As the last published census of 2000 revealed, meanwhile, the number of Muslims in Bali has grown quite dramatically in a short time. In that year, 9.7 per cent of the island’s population was Muslim, up from six per cent less than a decade earlier.
Most of the new arrivals are migrants from neighbouring islands who come in search of jobs. The increase may be associated in part with the growing tourism industry and its labour needs, but their numbers also escalated during the Asian financial crisis of the late 1990s, when Bali fared better than most areas of Indonesia. Bali is attractive, moreover, because it is considered one of the safest parts of Indonesia by Indonesians too. The new arrivals have settled mainly in the urban areas of southern Bali, where they serve as a cheap labour force. Accordingly, the percentage of Muslims in these areas, an estimated 17 per cent, is higher than average.

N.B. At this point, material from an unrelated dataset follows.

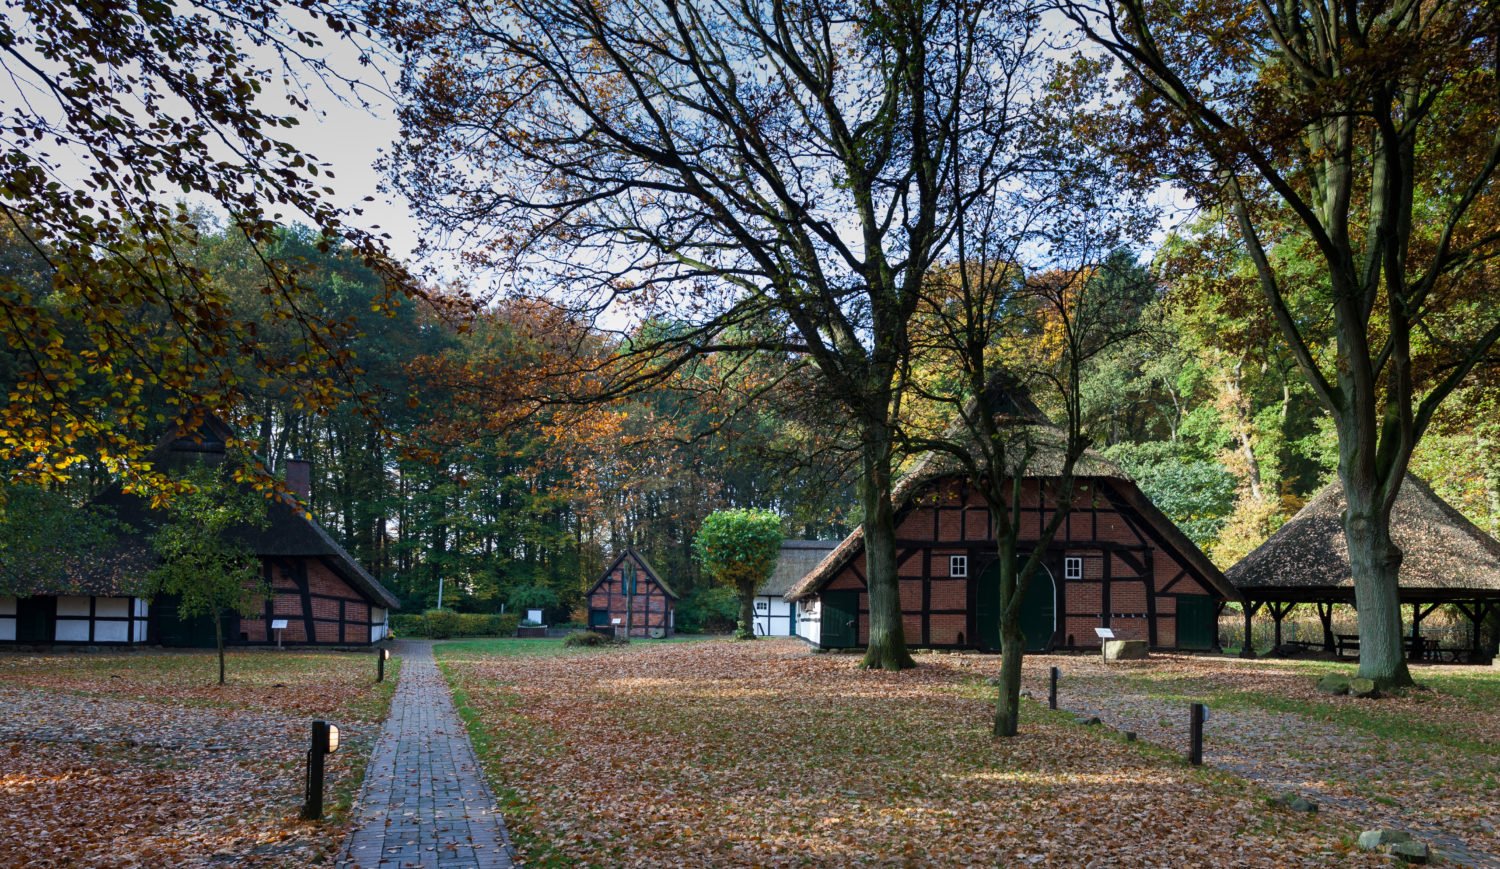 Walking through the open-air museum, you can relive the rural life of past centuries
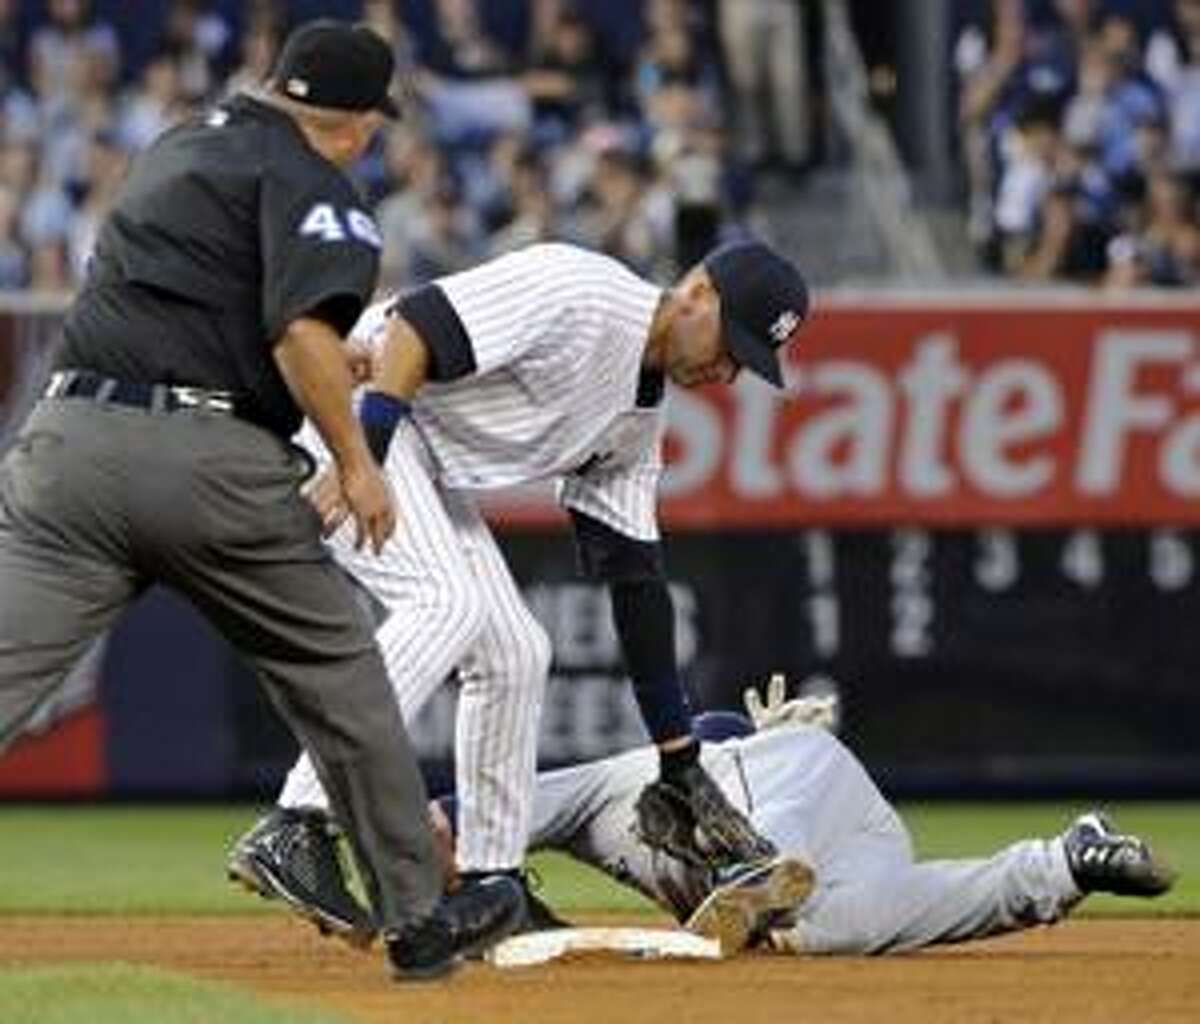 AP Umpire Ron Kulpa (46) calls Seattle Mariner runner Ryan Langerhans, right, out stealing after a tag by New York Yankees shortstop Derek Jeter during the second inning of a game Thursday at Yankee Stadium in New York.

There have been signs of growing antipathy towards Muslim migrants and of social phenomena associated with escalation toward violence elsewhere in Indonesia
In response to the flow of newcomers, the City of Denpasar has initiated regulatory policies, including a ‘guarantee system’ that requires newcomers to pay a deposit to ensure they will depart if they do not secure jobs. In a Bali Post survey of 250 persons in 2000, 87 per cent agreed with this policy and 74 per cent thought that other areas of Bali should adopt it too. Almost all — 97 per cent — thought it necessary to enact a regional law to regulate the in-migration of people from other islands. The survey also revealed a loss of sense of safety, an otherwise prominently promoted concept in Bali. Only 21 per cent of respondents still believed that Bali was ‘safe’.
In the context of this demographic change, though the violence that many thought might happen in the aftermath of the Bali bombing has not materialised, there have been signs of growing antipathy towards Muslim migrants and of social phenomena associated with escalation toward violence elsewhere in Indonesia.
Anyone who has spent time on Bali will know that it is not new for locals to look askance at migrants and blame them for the island’s social ills. Faced with incidents of theft, for example, people point out with conviction that these are ‘surely’ carried out by people from outside of Bali. It is a readily expressed assumption that Balinese don’t do bad things: after all, Balinese believe in karma, what has been referred to as the law of moral causation or, more simply, that one’s deeds shape one’s life. Crimes, then, must be committed by people from outside of Bali, generically referred to as ‘orang jawa’ (Javanese) — not to be confused with ‘tamu’ or guest, the term reserved for tourists, a sort of foreigner given a much warmer welcome. But although derogatory speech and other targeting of orang jawa was never unusual, it is more frequent and vehement now. Clearly something is stirring.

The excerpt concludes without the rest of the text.